The late Sergeant was the ninth of 13 children for Calbert ‘Sat-I’ and Coreen Bobb. His parents never lost a child before his death.

One of Chambers’ brothers, Kishroy Chambers, who is in the army in the United Kingdom, left a message for his fallen sibling, which was played at the funeral service.

As a military man, the officer noted that he has been close to death, experienced many pains, and fought many battles in places like Iraq and Afghanistan. However, “I never thought that in the beautiful island of St Vincent and the Grenadines that I have to watch from how many miles away, the pain that I’ve seen my mother and my family in due to the loss of my brother,” he revealed.

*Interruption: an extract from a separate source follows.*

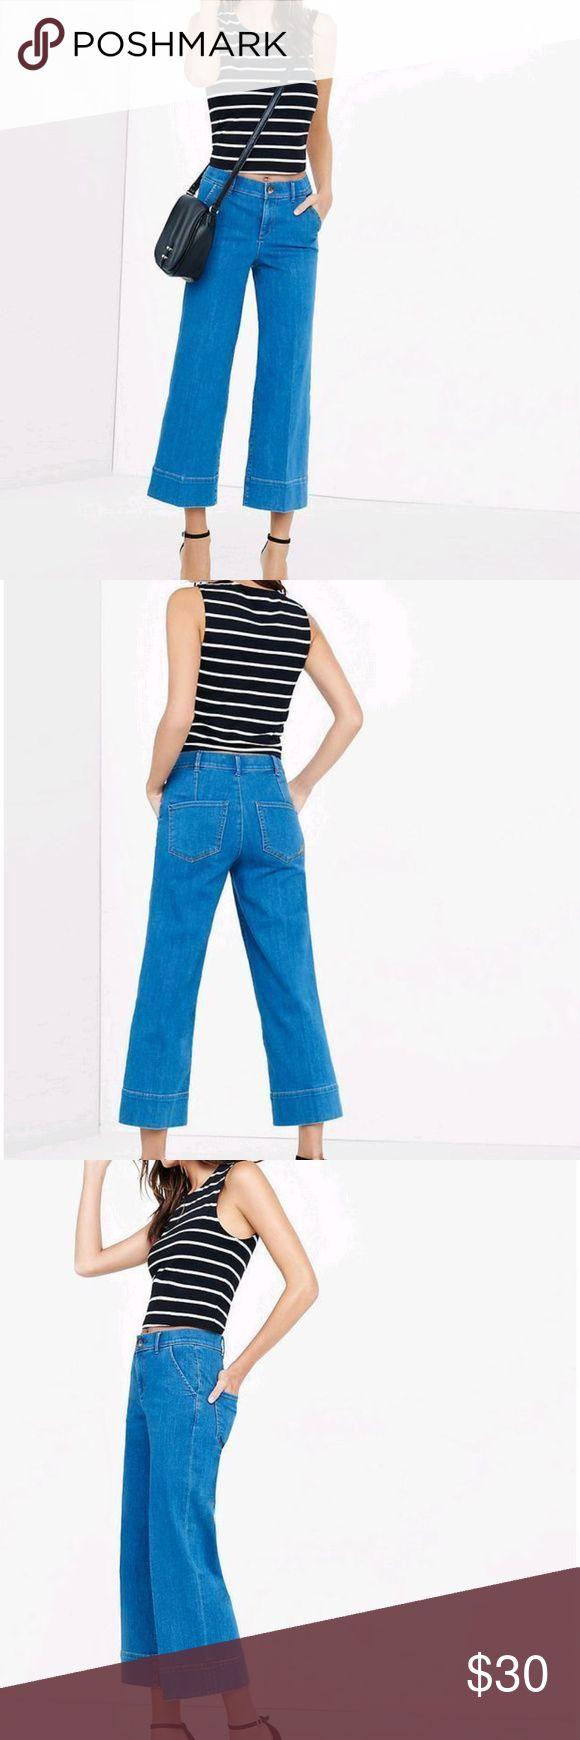 "EXPRESS Women's High Rise Wide Leg Crop Jeans 0R EXPRESS Women's High Rise Wide Leg Crop Blue Jeans Denim Size 0R Inseam: 25.5"" Express Jeans Flare & Wide Leg"

His brother was a man who loved and was dedicated he stated.

He was a “man who gave all to St Vincent and the Grenadines, who paid the ultimate sacrifice, who put duty before country, who put duty before anything else,” Kishroy commented.

“He was in a sense the hero of the family…and indeed as he said he was not only the hero but he was indeed the most favorite son,” the brother disclosed in his tribute. “After all, all of us have to tow the line calling mom ‘mommy’ but Mush was able to call mommy ‘sugar mommy’”, he commented to laughter.

“…indeed brother, St Vincent cries out, angels surround our parents today because they rejoice in the work that you have done. Children are inspired because of the work that you have done,” the brother also stated in his tribute.

He was speaking on behalf of himself and Chambers’ brother Joshua, also in the British army, and indicated that they would never forget their brother. They were unable to attend the service in person.

Edmond Bramble, who Chambers had to call uncle also remembered him, asking especially that those in the youth clubs that the officer mentored would not let “his effort go down the drain” and “Go as big men and women, role models in your society, and make St Vincent and the Grenadines a better place for all of us.”

The late Sergeant now rests eternally at Glebe Hill cemetery in Barrouallie, but his memory is promised to live on through a scholarship in his name at the Royal St Vincent and the Grenadines Police Force (RSVGPF), a plaque with his picture being hung at the Central Police Station, and the retiring of his number so that no other may use it.